#### [What you have to do]
Without copying any picture, transcribe exactly the lines of the data below from the one containing "FPV Transmitter & Camera Receiver for Drone" through the one containing "Dancing On My Own - An Empowerment Party".

══ Source records ══

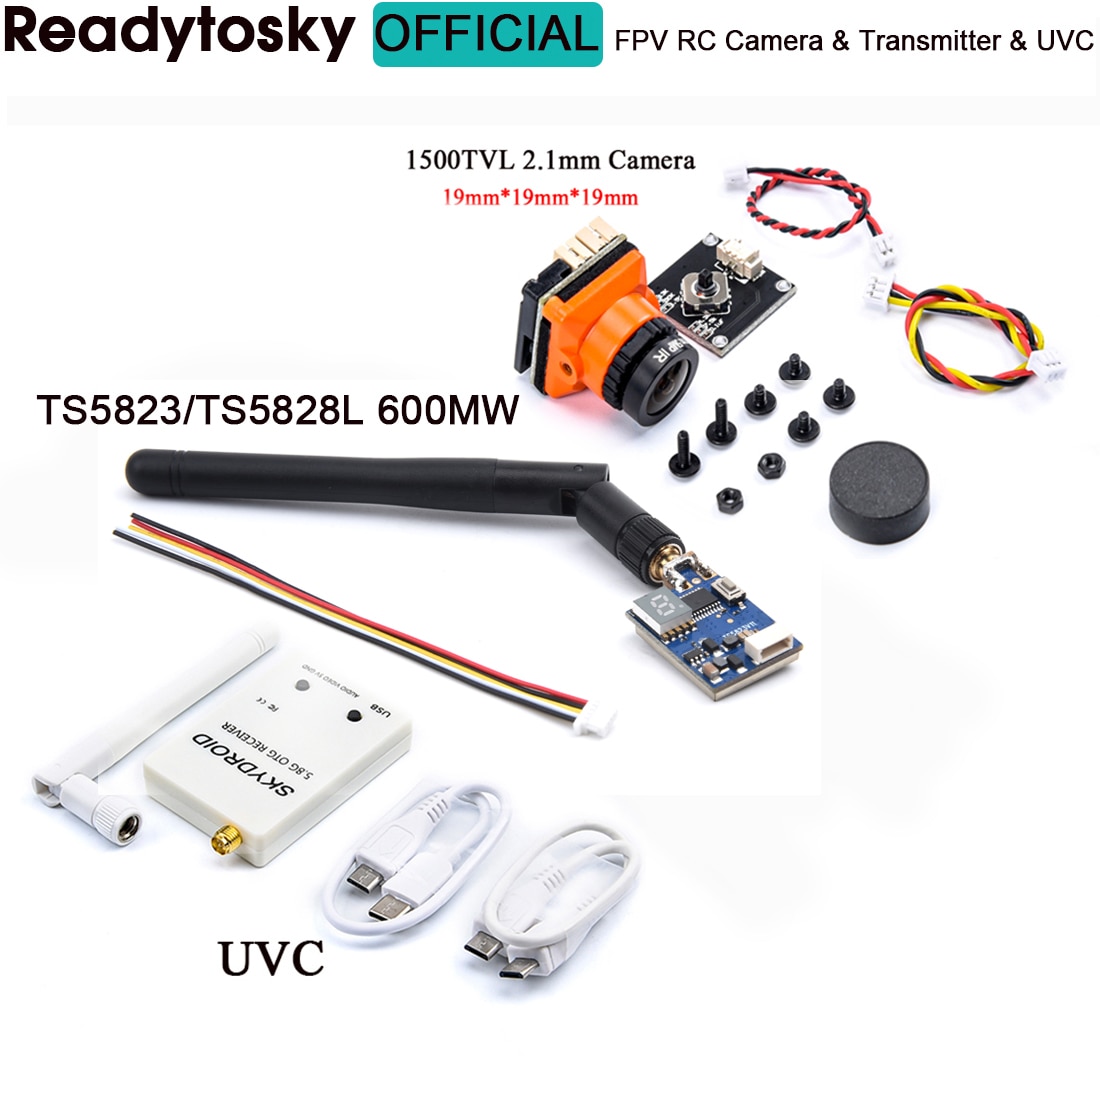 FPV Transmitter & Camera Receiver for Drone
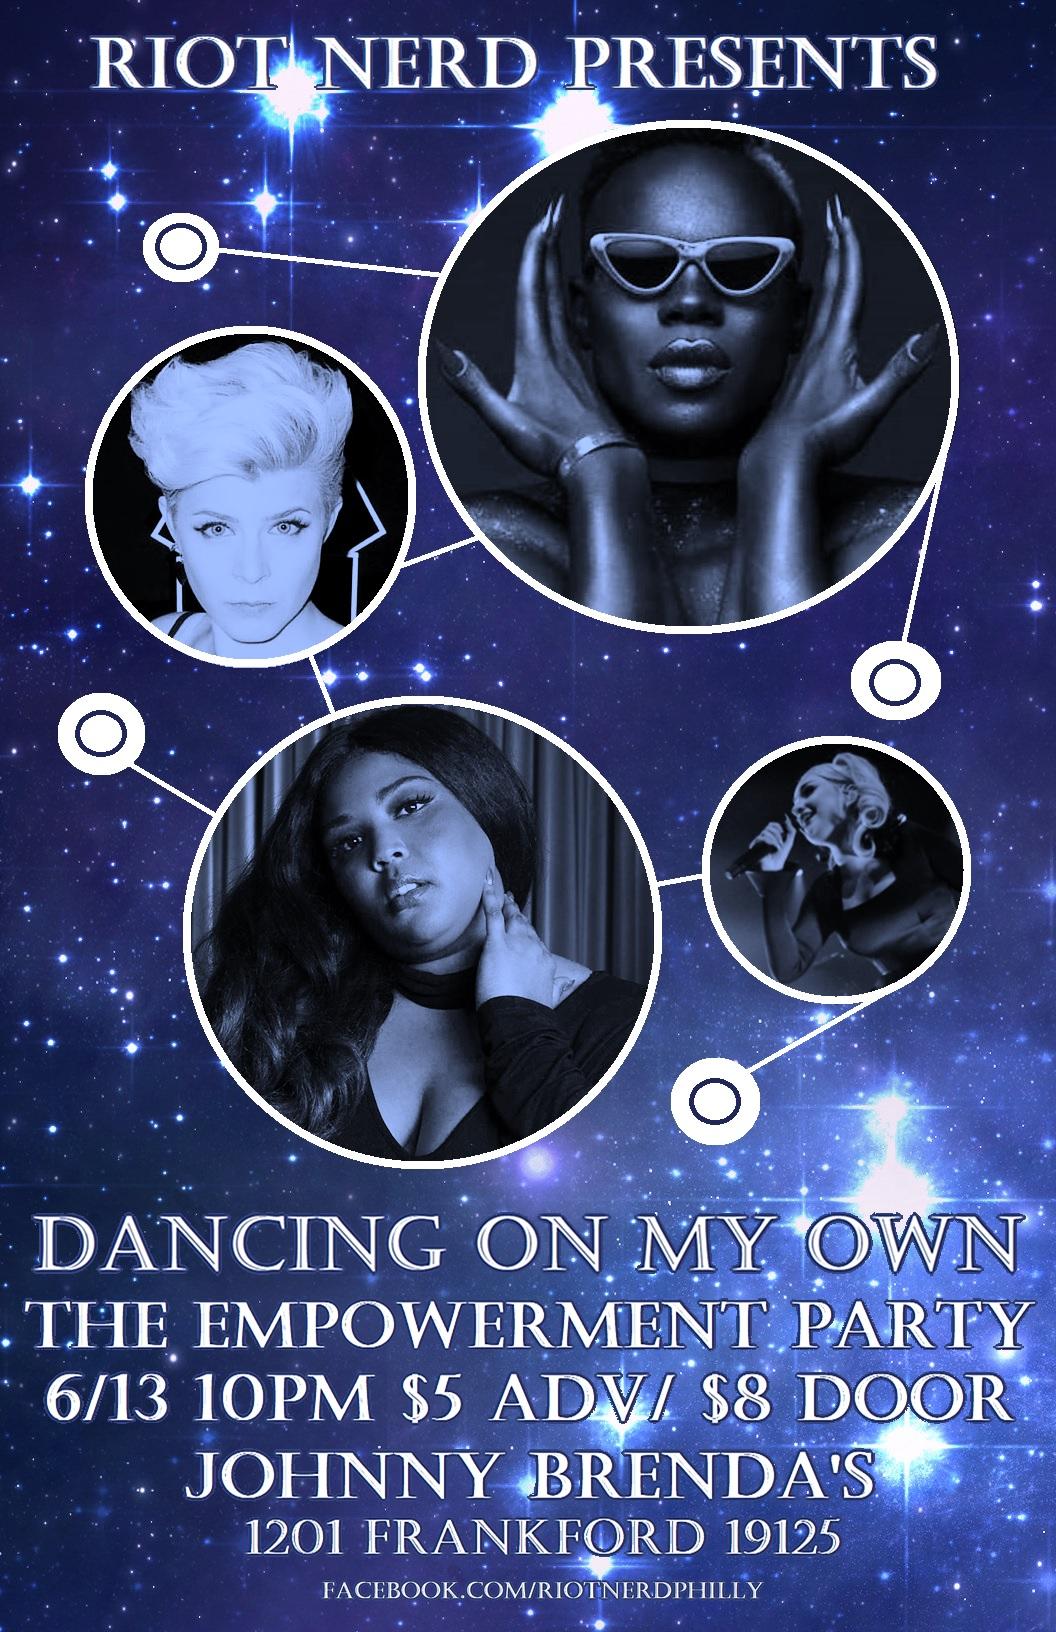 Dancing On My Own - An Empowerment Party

═══
══ Source records ══

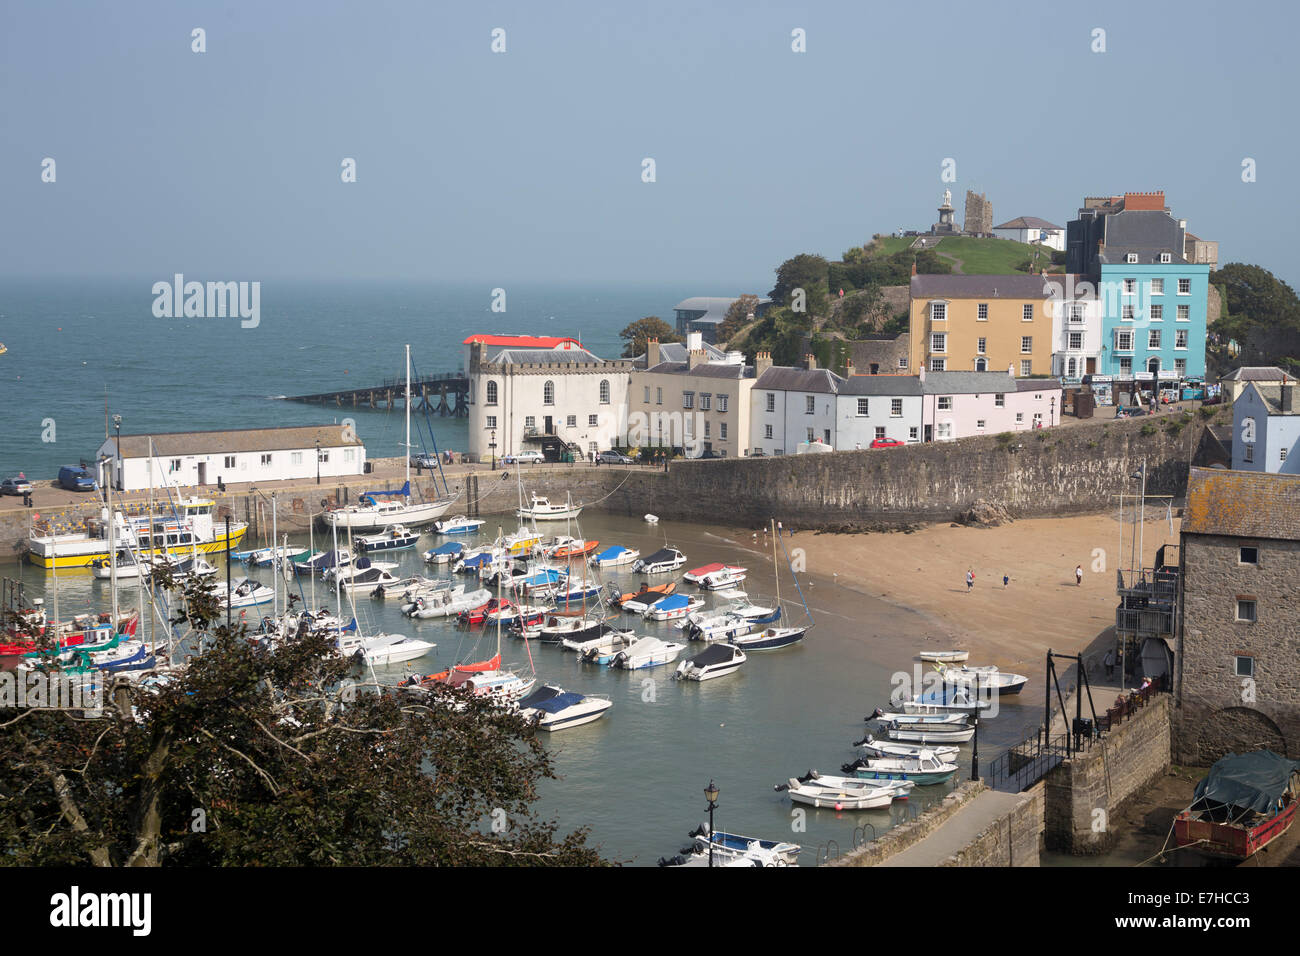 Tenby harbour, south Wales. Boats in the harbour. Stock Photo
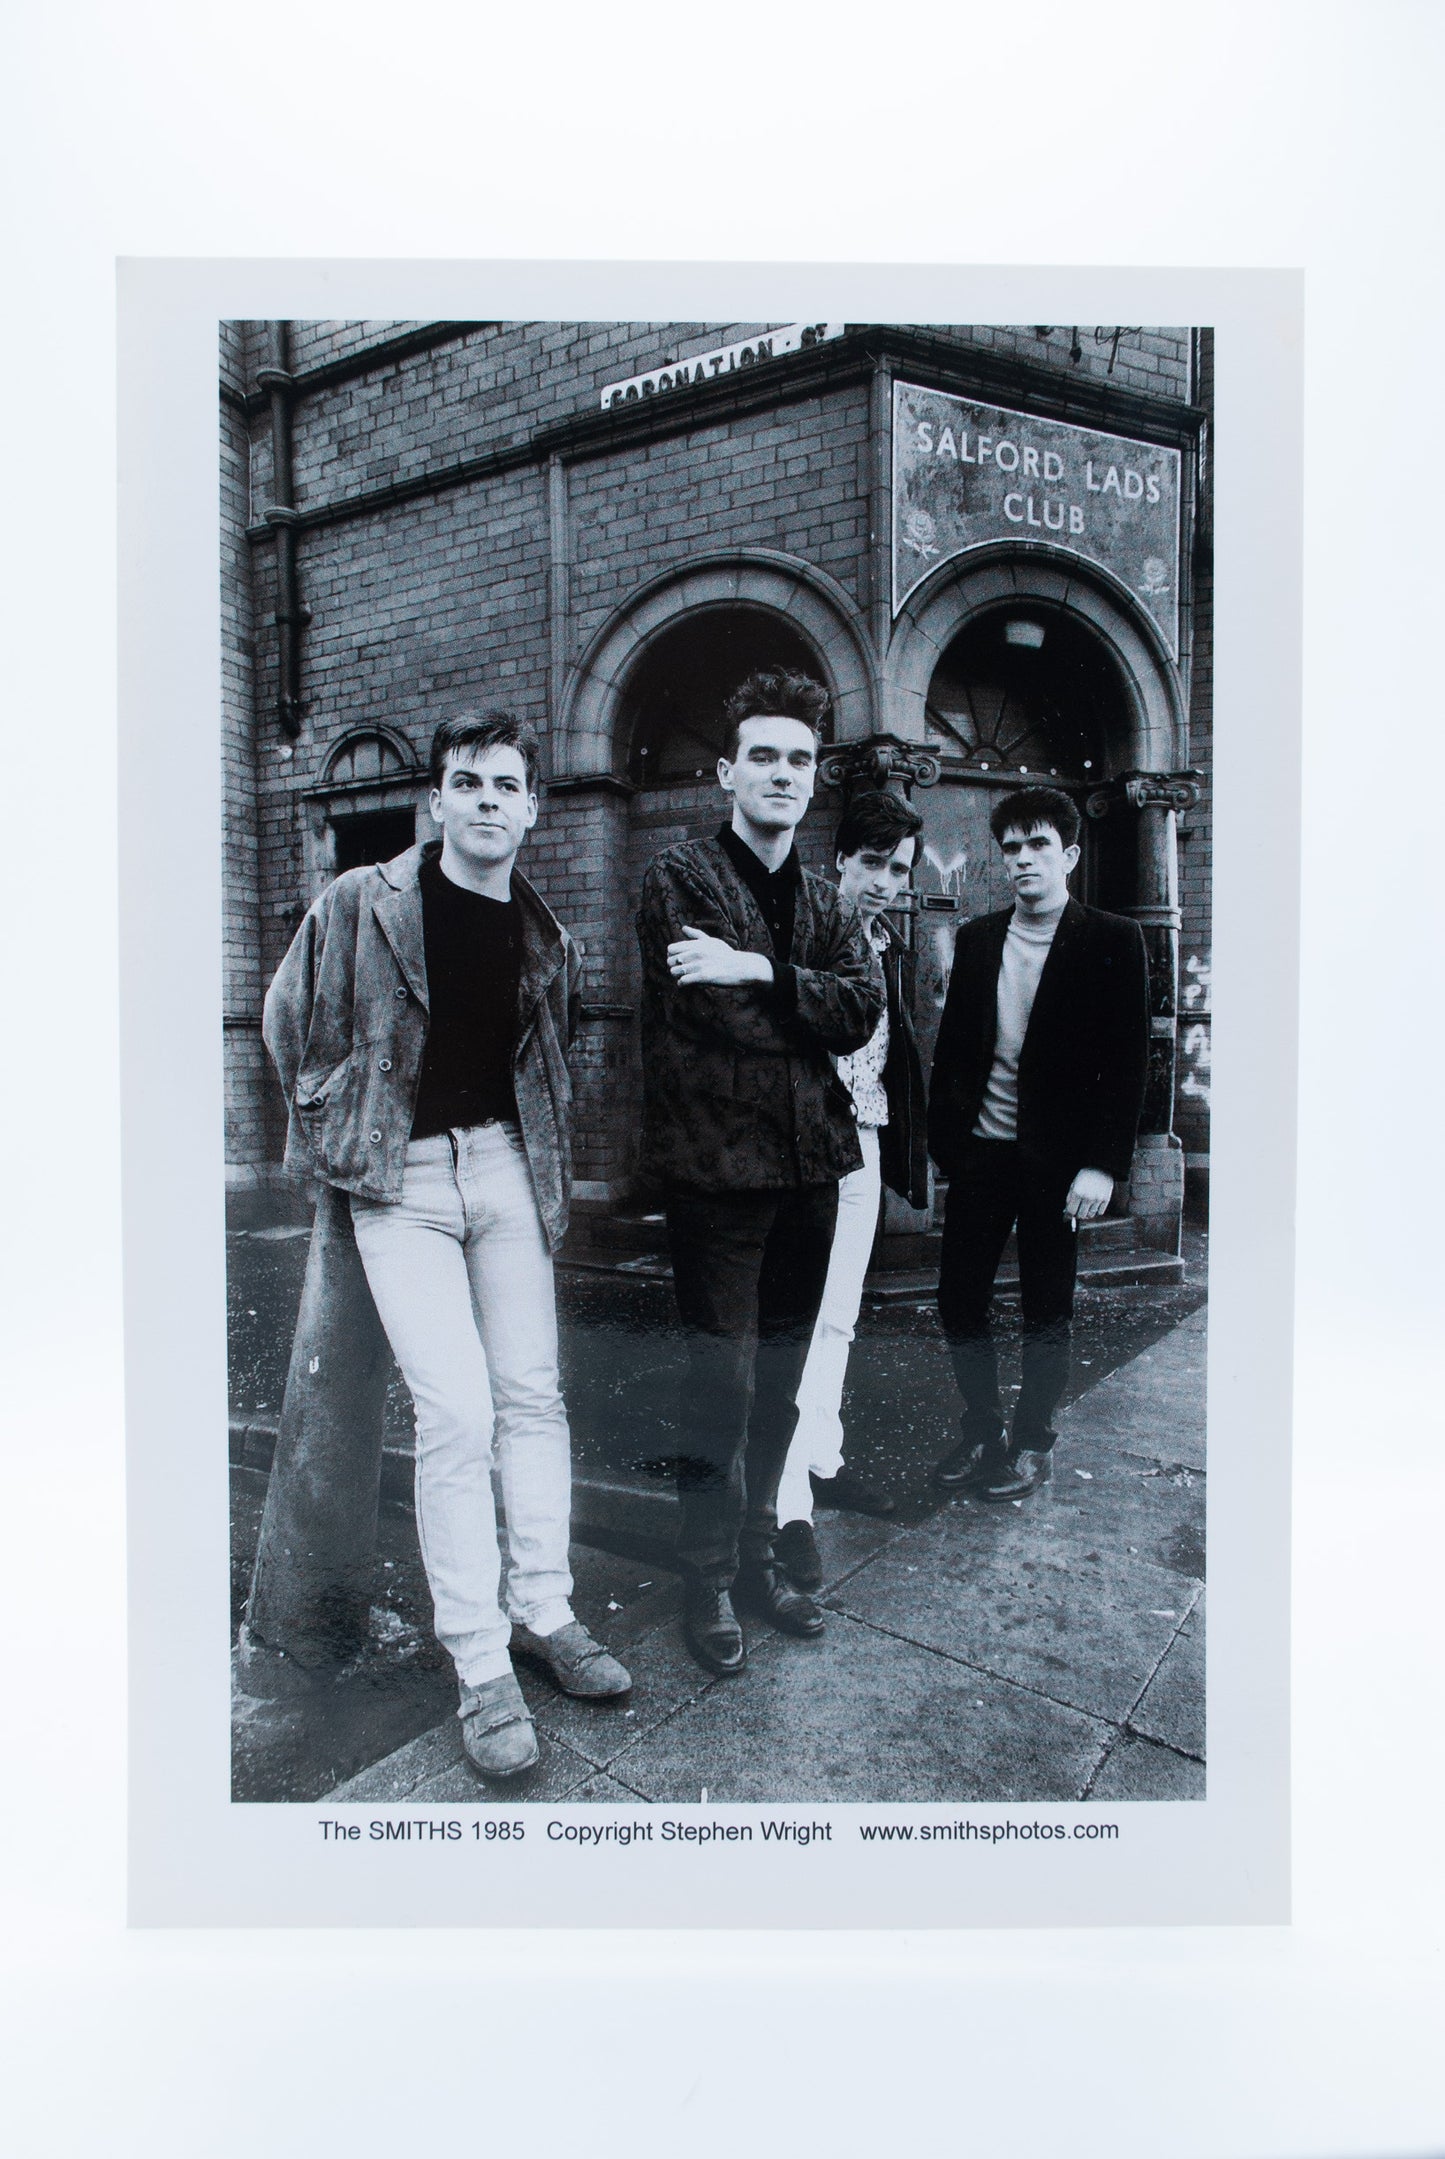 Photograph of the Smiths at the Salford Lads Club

═══

#### [Exercise solution]
 FPV Transmitter & Camera Receiver for Drone
 Dancing On My Own - An Empowerment Party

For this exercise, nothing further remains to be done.